How Useful is an Unusually Good Memory in the Real World?

Being able to memorize names, numbers, pictures, etc. is a necessary skill to succeed in school. Rote memorization is what most of formal schooling is all about.

I wonder how useful such memorization ability is in the real world. My sense is not very much — at least beyond a base level of ability.

First, in my experience, most meetings, calls, and presentations are "open book". You can have notes and index cards and prompts with you at all times. This allows you to partially memorize, say, a speech, yet always have the option to refer to your prepared remarks. School requires 100%, complete memorization.

Second, it’s easier than ever to outsource things we used to remember. As Clive Thompson shows in his recent Wired article, younger people are less able than their elder counterparts to remember personal details of people they know (such as birth date or phone number). Why? Technology has made it easy to automate. Now we just need to remember where we keep the list of numbers, not the numbers themselves.

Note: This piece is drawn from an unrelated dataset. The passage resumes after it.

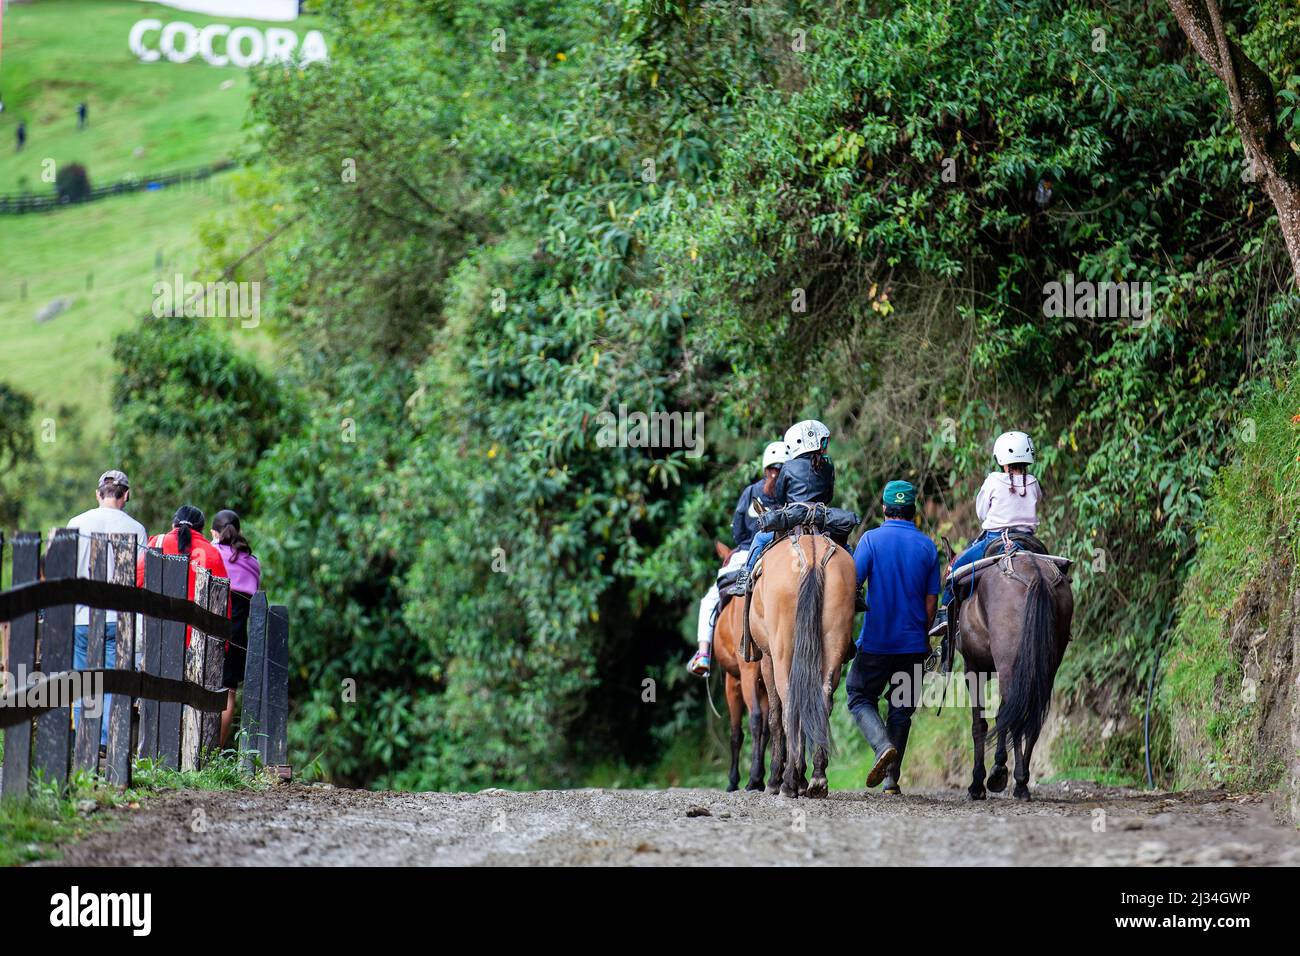 SALENTO, COLOMBIE - JUILLET 2021. Groupe de touristes sur une promenade à cheval dans la vallée de Cocora Banque D'Images

Certainly a knack for remembering details in your head can be helpful in situations like a cocktail party full of old friends where recalling someone’s name can win major political brownie points. And rattling off a perfect-for-the-moment quote from memory can be sly.

Still, in general, I think unusual memorization ability serves a purpose more in trivia games or hacking the formal school system than in the professions.

(Hat tip to the "bee-queen of memory" for sparking this idea — unlike me, she has an extraordinary memory for quirky details. But her many other talents will prove more useful.)